__WHAT IS NEEDED__.
Would you please repeat exactly the entries below, starting at the line with "Cool Ferrari F12 Berlinetta Wallpapers" and ending at the line with "2. Az Idegenek", and nothing outside that range? Leave out the pictures.

__SUPPLIED DATA__.
##############################

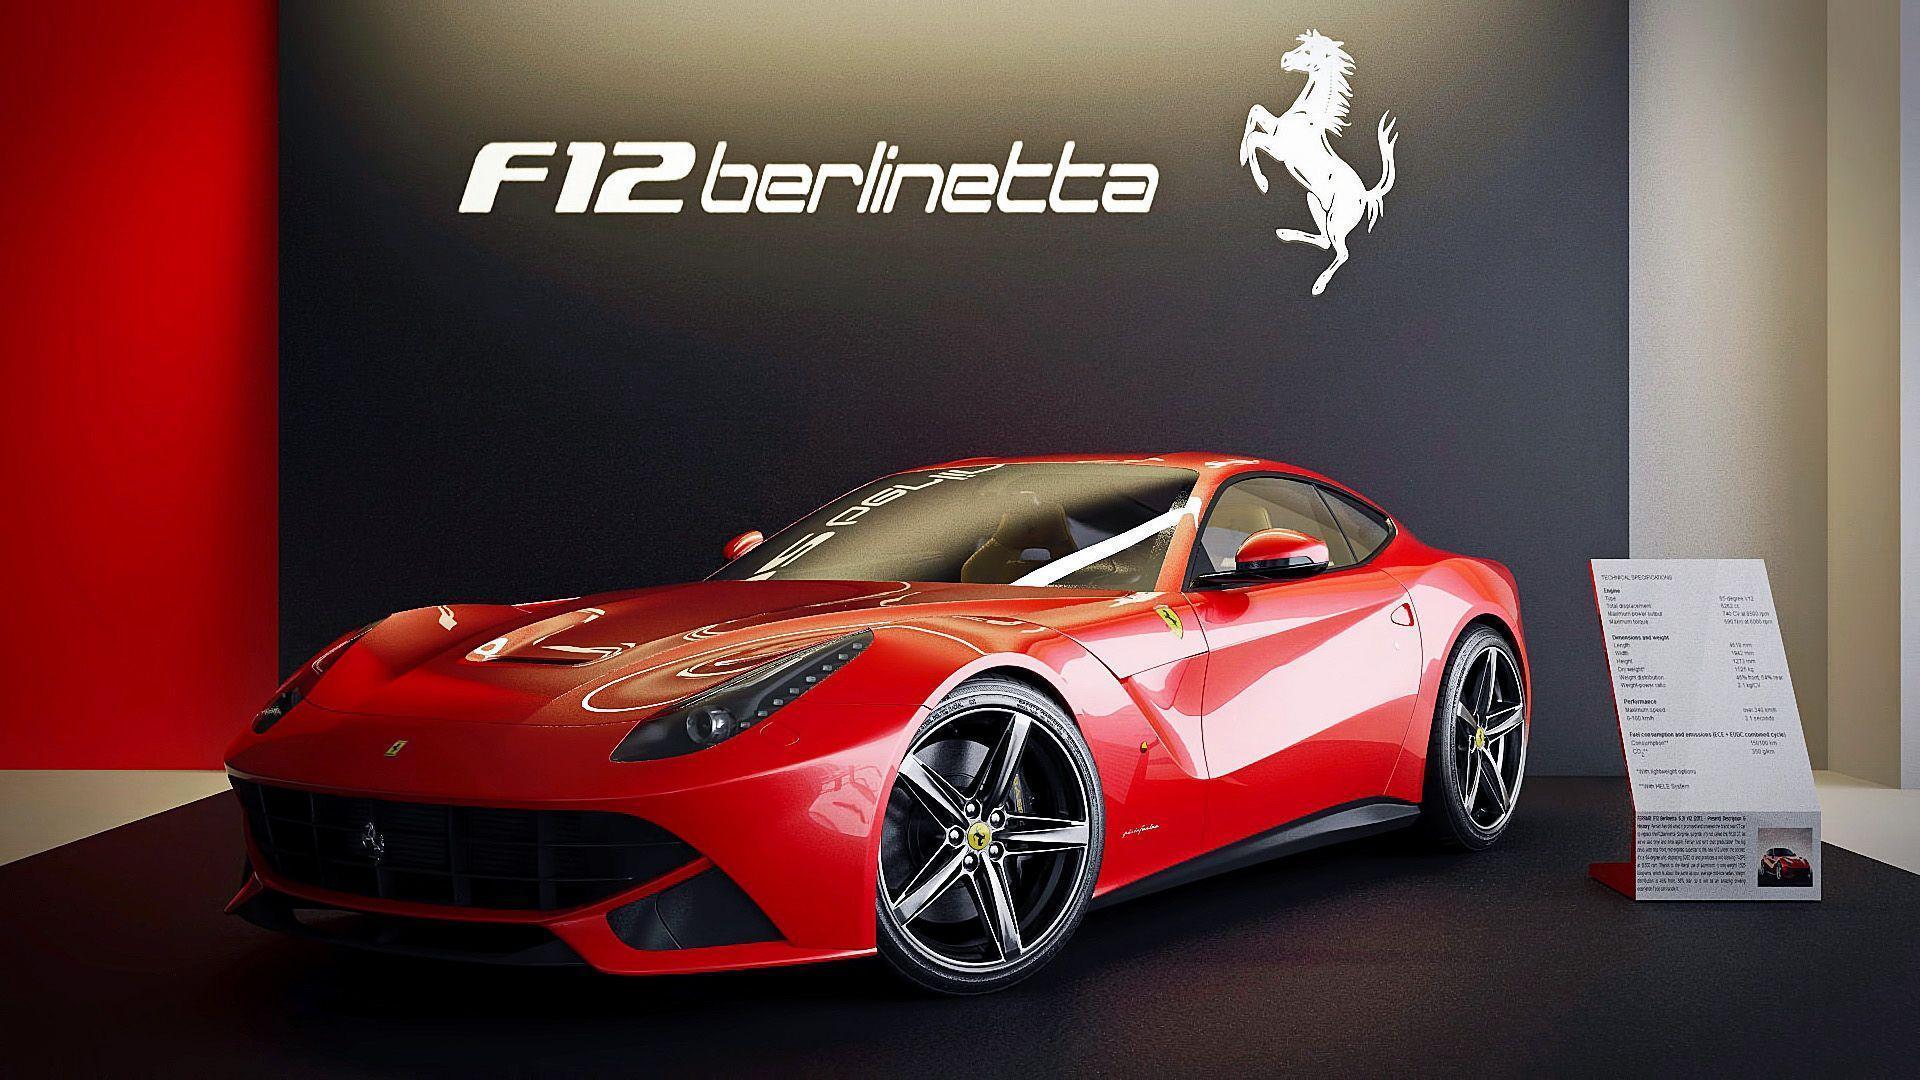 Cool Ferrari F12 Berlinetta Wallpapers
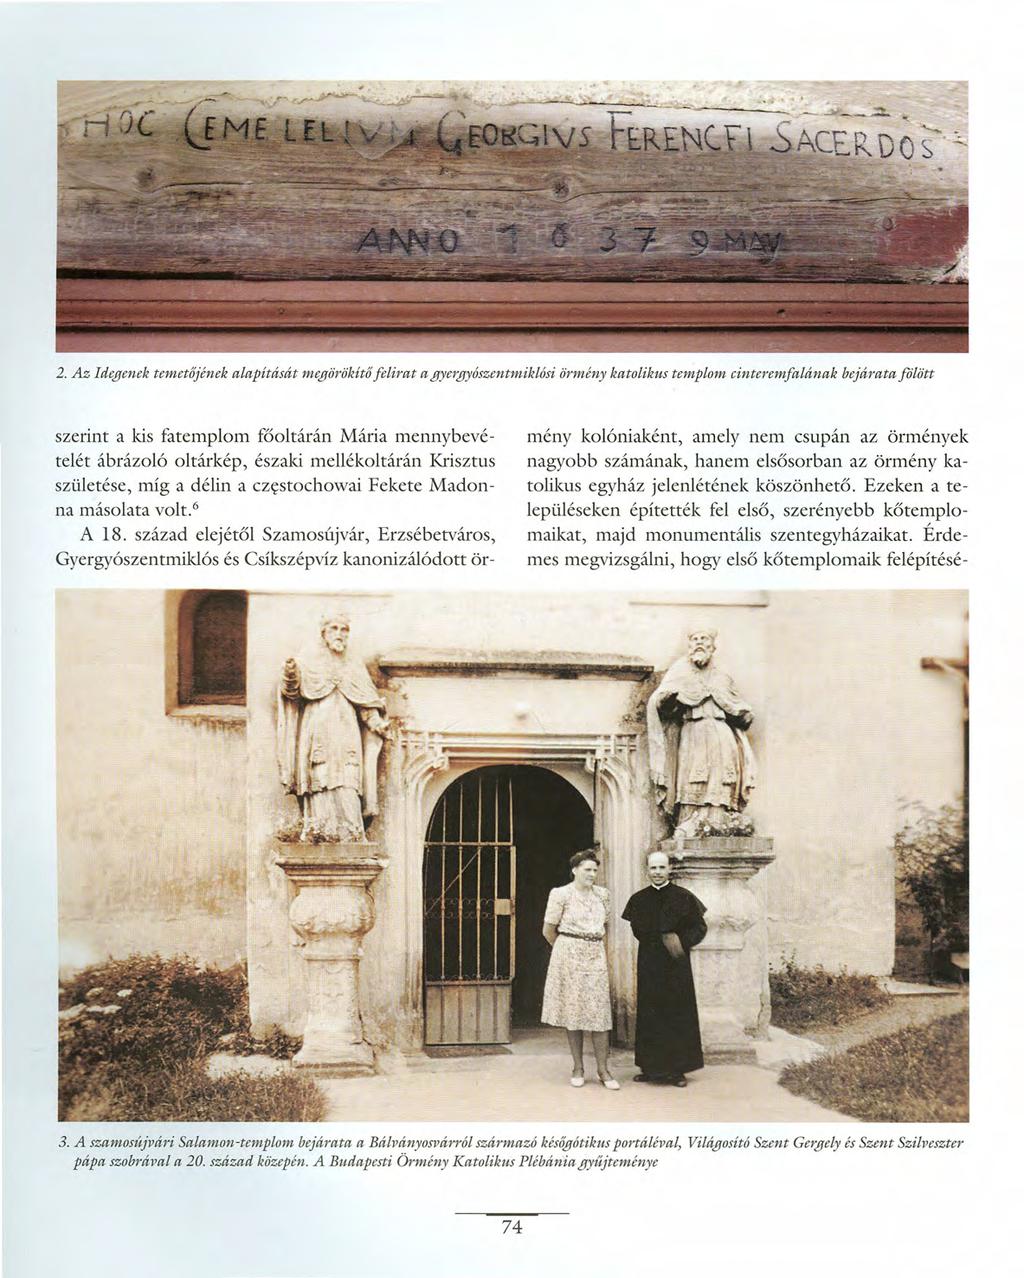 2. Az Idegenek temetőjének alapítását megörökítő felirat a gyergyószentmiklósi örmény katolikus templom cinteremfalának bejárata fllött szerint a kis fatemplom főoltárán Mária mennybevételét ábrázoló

##############################

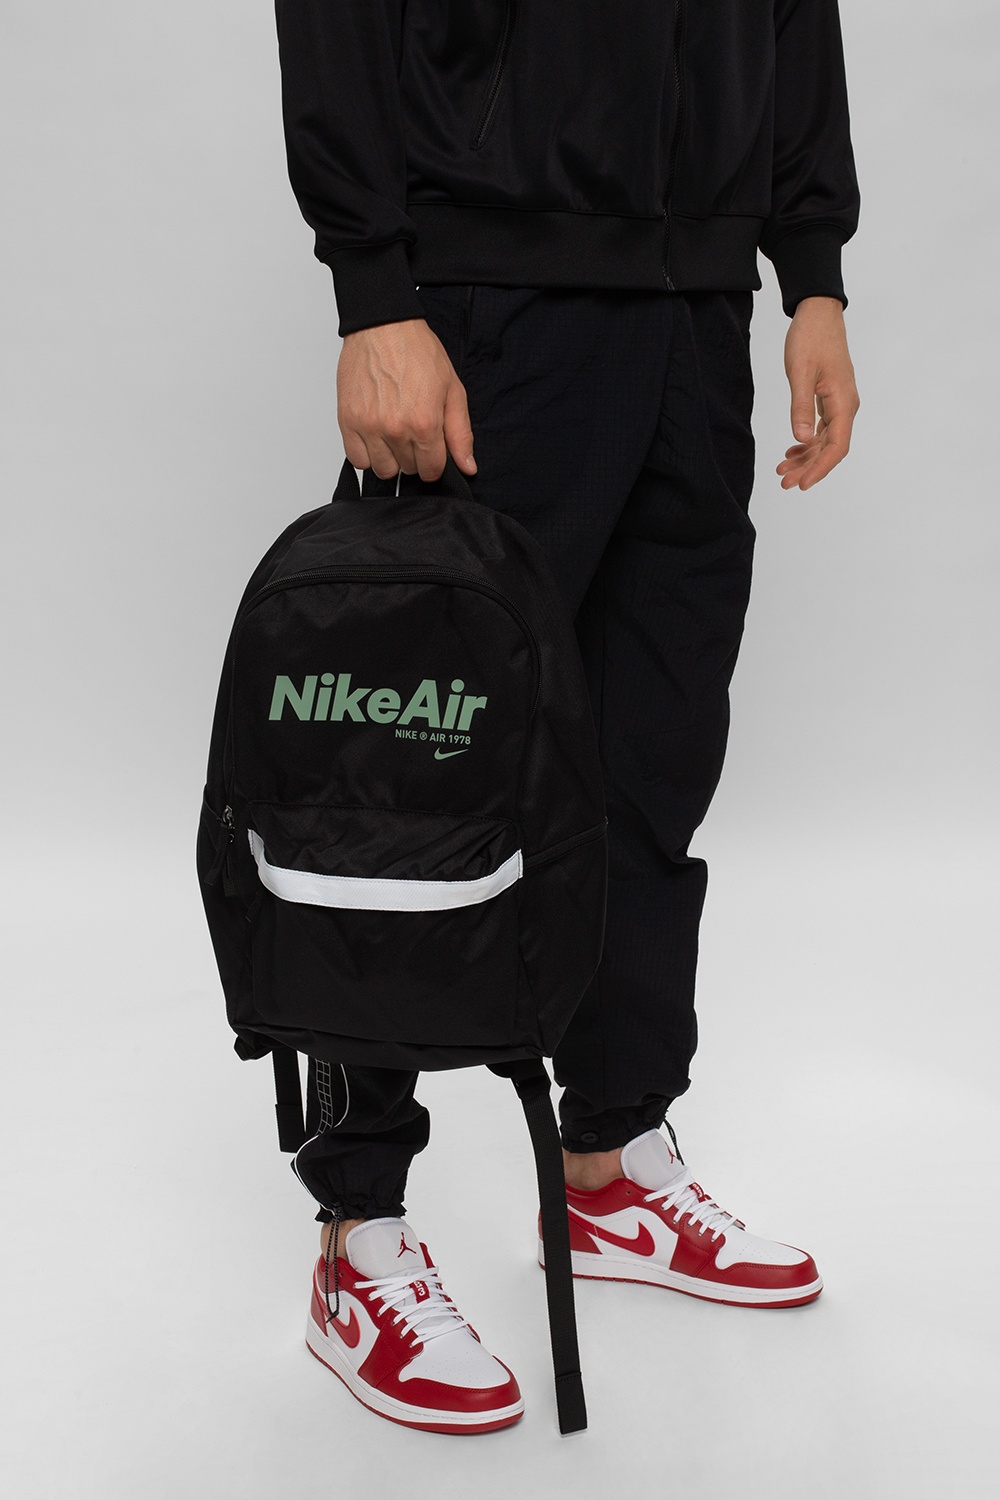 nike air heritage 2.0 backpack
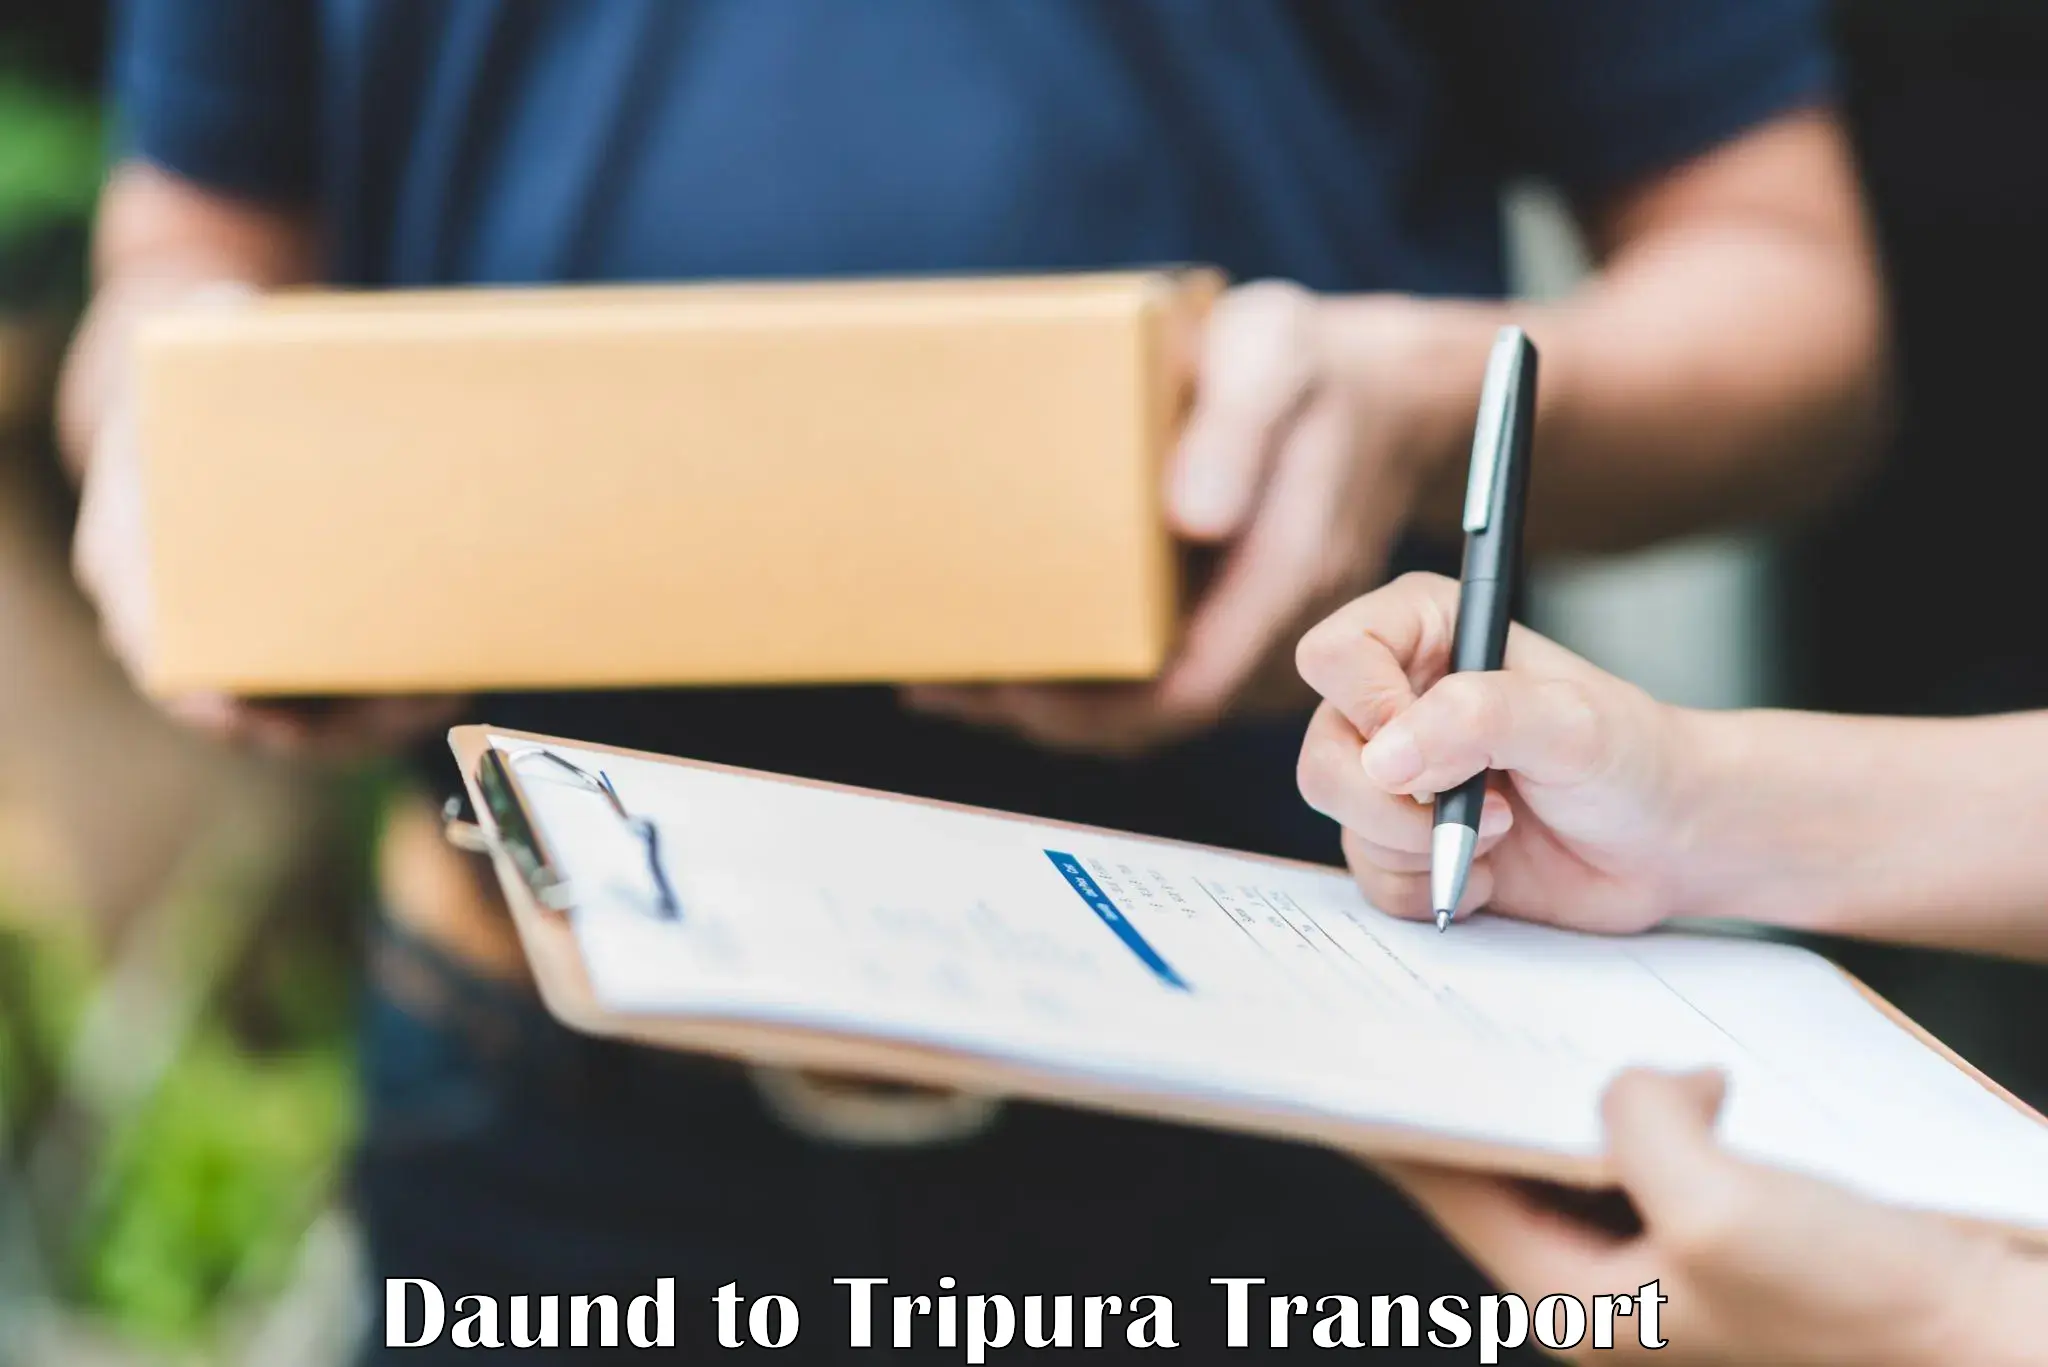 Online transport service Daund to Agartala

##############################

__WRITTEN ANSWER__.
 Cool Ferrari F12 Berlinetta Wallpapers
 2. Az Idegenek temetőjének alapítását megörökítő felirat a gyergyószentmiklósi örmény katolikus templom cinteremfalának bejárata fllött szerint a kis fatemplom főoltárán Mária mennybevételét ábrázoló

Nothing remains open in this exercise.